Some best practices:

  1. Only catch exceptions if you are going to do something with it
  2. Catch specific exceptions
  3. Use try-catch on the smallest code fragments possible
  4. Layers should handle exceptions raised by layers below them, without exposing the specific implementation of the other layer. Catch, log, re-raise a more generic error.

Purposes of logging:

  1. Track errors
  2. Gather data

9. Design patterns

A collection of general, reusable solutions to common software design problems. Popularised in the book “Design patterns: elements of reusable object-oriented software”.

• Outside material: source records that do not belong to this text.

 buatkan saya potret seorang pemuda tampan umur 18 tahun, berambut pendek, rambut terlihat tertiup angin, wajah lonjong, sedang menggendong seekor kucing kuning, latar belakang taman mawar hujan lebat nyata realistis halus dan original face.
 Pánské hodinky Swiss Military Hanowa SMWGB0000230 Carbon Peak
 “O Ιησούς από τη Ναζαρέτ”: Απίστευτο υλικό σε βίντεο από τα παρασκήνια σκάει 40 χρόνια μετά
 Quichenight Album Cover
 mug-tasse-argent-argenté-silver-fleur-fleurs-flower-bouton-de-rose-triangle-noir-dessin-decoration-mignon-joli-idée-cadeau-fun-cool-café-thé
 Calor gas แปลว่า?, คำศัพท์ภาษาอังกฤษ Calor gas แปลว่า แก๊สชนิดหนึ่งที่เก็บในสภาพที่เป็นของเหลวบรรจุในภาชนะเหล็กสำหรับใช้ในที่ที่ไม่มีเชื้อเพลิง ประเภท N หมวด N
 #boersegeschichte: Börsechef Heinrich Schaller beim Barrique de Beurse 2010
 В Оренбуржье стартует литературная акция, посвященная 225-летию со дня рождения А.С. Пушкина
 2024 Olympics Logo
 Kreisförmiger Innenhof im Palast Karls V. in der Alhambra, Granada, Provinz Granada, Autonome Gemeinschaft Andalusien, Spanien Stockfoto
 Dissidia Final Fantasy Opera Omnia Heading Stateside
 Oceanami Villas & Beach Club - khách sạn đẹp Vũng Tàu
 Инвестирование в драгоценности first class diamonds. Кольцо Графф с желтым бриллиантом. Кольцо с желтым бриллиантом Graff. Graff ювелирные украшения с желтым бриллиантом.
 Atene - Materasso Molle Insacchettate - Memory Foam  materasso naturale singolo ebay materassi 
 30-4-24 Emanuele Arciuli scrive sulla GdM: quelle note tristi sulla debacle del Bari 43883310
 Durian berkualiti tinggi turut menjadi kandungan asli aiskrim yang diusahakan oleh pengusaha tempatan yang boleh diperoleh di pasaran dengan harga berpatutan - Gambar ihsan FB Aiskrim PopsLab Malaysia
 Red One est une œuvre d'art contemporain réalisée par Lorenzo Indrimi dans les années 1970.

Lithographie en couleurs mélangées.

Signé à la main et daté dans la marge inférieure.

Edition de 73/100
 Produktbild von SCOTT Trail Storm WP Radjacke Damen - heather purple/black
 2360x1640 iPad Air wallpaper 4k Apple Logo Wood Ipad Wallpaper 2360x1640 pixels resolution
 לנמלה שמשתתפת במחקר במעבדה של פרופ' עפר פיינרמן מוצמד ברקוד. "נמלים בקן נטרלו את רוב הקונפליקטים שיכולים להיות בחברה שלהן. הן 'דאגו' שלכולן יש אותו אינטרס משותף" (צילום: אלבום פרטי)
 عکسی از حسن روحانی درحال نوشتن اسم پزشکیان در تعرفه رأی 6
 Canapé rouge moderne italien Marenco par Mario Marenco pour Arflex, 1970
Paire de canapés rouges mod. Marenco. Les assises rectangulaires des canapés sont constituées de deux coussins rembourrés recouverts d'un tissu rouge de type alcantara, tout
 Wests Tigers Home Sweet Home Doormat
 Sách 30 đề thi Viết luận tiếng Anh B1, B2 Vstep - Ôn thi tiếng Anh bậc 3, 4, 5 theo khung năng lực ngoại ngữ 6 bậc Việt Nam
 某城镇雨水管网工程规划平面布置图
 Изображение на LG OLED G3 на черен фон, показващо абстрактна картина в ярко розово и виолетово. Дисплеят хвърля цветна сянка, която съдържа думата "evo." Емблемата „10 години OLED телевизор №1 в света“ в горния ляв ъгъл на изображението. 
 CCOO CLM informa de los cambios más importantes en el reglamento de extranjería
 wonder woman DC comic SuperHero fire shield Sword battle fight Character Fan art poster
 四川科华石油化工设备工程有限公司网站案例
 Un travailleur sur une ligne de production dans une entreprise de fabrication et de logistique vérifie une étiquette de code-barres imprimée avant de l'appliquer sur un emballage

  • The factory pattern: Creating objects without specifying the exact class of the object. Avoids strong coupling between classes. Create an interface, then a factory method returns an instance of a class which implements that interface. If the implementation needs to change, we only need to change the factory method.
  • The repository pattern: Modules which don’t work with the data store should be oblivious to the type of data store. This is similar to the concept of the Data Access Layer. Layers are for architects, design patterns are for developers. They both seek to solve the same issue.
  • The facade pattern: Creating a layer of abstraction to mask complex actions. The facade does not create any new functionality, it is just a wrapper integrating existing modular functions together.
  • The command pattern: All the action’s information is encapsulated within an object.

10. System architecture

The architecture design is the big picture that should answer the following:

  • How will the system work under heavy load?
  • What will happen if the system crashes at a critical moment?
  • How complicated is it to update?

The architecture should:

  1. Define components
  2. Define how components communicate
  3. Define the system’s quality attributes

Make the correct choice as early as possible

10.1. Loose coupling

Ensuring the services are not strongly tied to other services. Avoid the “spiderweb” - when the graph of connections between services is densely connected.

Prevents coupling of platforms and URLs.

To avoid URL coupling between services, two options are:

  • “Yellow pages” directory
  • Gateway

The “yellow pages” contains a directory of all service URLs. If service A wants to query service D, A queries the yellow pages for D’s URL, then uses that URL to query D. This means that service A does not hardcode any information about service D. If D’s URLs change, then only the yellow pages need to be updated. Services only need to know the yellow pages directory’s URL.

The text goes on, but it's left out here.